In one embodiment, the inorganic acid comprises one or more of hydrobromic acid, hypobromous acid, hydroiodic acid, hypophosphorous acid, polyphosphoric acid, phosphorous acid, hydrofluoric acid, iodic acid, fluosilicic acid, phosphoric acid, phosphomolybdic acid, periodic acid, nitric acid, perbromic acid, perrhenic acid, sulfuric acid, boric acid, hypofluoric acid, hydrofluoric acid, aluminate acid, silicic acid, metaphosphoric acid, pyrophosphoric acid, perchloric acid, silicotungstic acid, selenoic acid, sulfonic acid, phosphotungstic acid, hydrochloric acid, carbonic acid, phosphomolybdic acid, perphosphoric acid, hydrobromic acid, phosphoric acid, hydrogen sulfuric acid, arsenic acid, boric acid, tetraboric acid, metaboric acid, perboric acid, meta arsenite, arsenical acid, pyroarsenite.

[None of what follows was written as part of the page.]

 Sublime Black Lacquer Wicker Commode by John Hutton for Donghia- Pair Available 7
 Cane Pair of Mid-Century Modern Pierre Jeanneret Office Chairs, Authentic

In one embodiment, the organic acid comprises one or more of formic acid, acetic acid, propionic acid, butyric acid, caprylic acid, adipic acid, oxalic acid, malonic acid, succinic acid, maleic acid, tartaric acid, benzoic acid, phenylacetic acid, phthalic acid, terephthalic acid, valeric acid, caproic acid, capric acid, stearic acid, palmitic acid, acrylic acid, citric acid, malic acid, ascorbic acid, lactic acid, succinic acid, fumaric acid, quinic acid, shikimic acid, chlorogenic acid, ellagic acid, myristic acid, diterpenoid carboxylic acid, pentadecanoic acid, palmitic acid, palmitoleic acid, stearic acid, oleic acid, linoleic acid.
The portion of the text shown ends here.